This is right from the Jackson's care sheet.
"Feeder insects should be lightly dusted with powdered supplement before being fed to your chameleon. As a montane species (native to higher altitudes) Jackson's have decreased supplementation requirements compared to tropical species due to metabolism differences. Use calcium (without D3 or phosphorus) twice a week, a multivitamin once a month, and calcium with D3 once a month"
I personally do Rapashy Calcium Plus 2-3 times weekly on hard bodied feeders only.

Sorry if this sounds stupid, but the Reptivite has both vitamins and calcium in, so that should be given once a month, right?
 
@JacksJill, @AZChamFan, I need your help if possible please.

So I've had Tatu (my Jacksons chameleon) for two weeks now and he has been fine, up until yesterday. He was fine yesterday morning, but this morning (around 7.30am) and by the time I got home yesterday evening, his eyes were shut. I get home at 5.15pm, and he doesn't normally get in his sleep position until around 6.15-6.30pm, with his lights going off shortly afterwards. He hasn't been scratching them, just sitting with them closed. There's no discharge or crusting on or around the eye itself. He's moving around in the viv, and has been eating and drinking. He didn't move much this morning, but we did have a cooler evening, so wonder if that had something to do with it, although his heat lamp was on very low all night.
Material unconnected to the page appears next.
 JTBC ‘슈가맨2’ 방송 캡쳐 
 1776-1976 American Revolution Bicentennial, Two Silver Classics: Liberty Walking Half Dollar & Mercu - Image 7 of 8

He's still showing his lovely colours as well (he's only 7-8 months old).

I've got the following set-up:

  • Vivarium: Vivexotic Viv+ Arboreal Vivarium - Medium measuring 86x49x91.5cm
  • Lighting: 2 x Exo Terra Repti Glo 10.0 tubes
  • Heat source: Komodo Ceramic Heat Emitter 100w (I think it's this one - will double check when I'm home at lunchtime)
  • Temperature: Have the main heat source set at 23 degrees celsius, with his basking spot getting up to 29 degrees celsius, and the his coolest being around 20 degrees celsius.
  • Humidity: Can be anything between 50-90% throughout the day.
  • Plants: A real ficus and a plastic hanging ficus.
  • Food and supplementation: Giving him 3-4 crickets 5 times a week, and giving him two fast days. Three times a week I give him crickets dusted with ZooMed's Repticalcium without D3, and once a month I am giving him ZooMed's Reptivite on crickets. He won't touch waxworms - I don't think the shop I brought him from gave them to him either.
  • Water: Using ZooMed ReptiSafe in sprayer and in Exo Terra Large leaf dripper. Spraying for around 5-10 minutes in the morning, and again in the late afternoon/early evening. I am debating as to whether i should get a misting/fogger system as well.
  • Handling: He doesn't mind being handled once he's out of the viv, just doesn't like it when I'm in there trying to get him to walk on my hand or moving something/spraying.
I downloaded and printed the care sheet, as advised before, which I have followed as strictly as possible.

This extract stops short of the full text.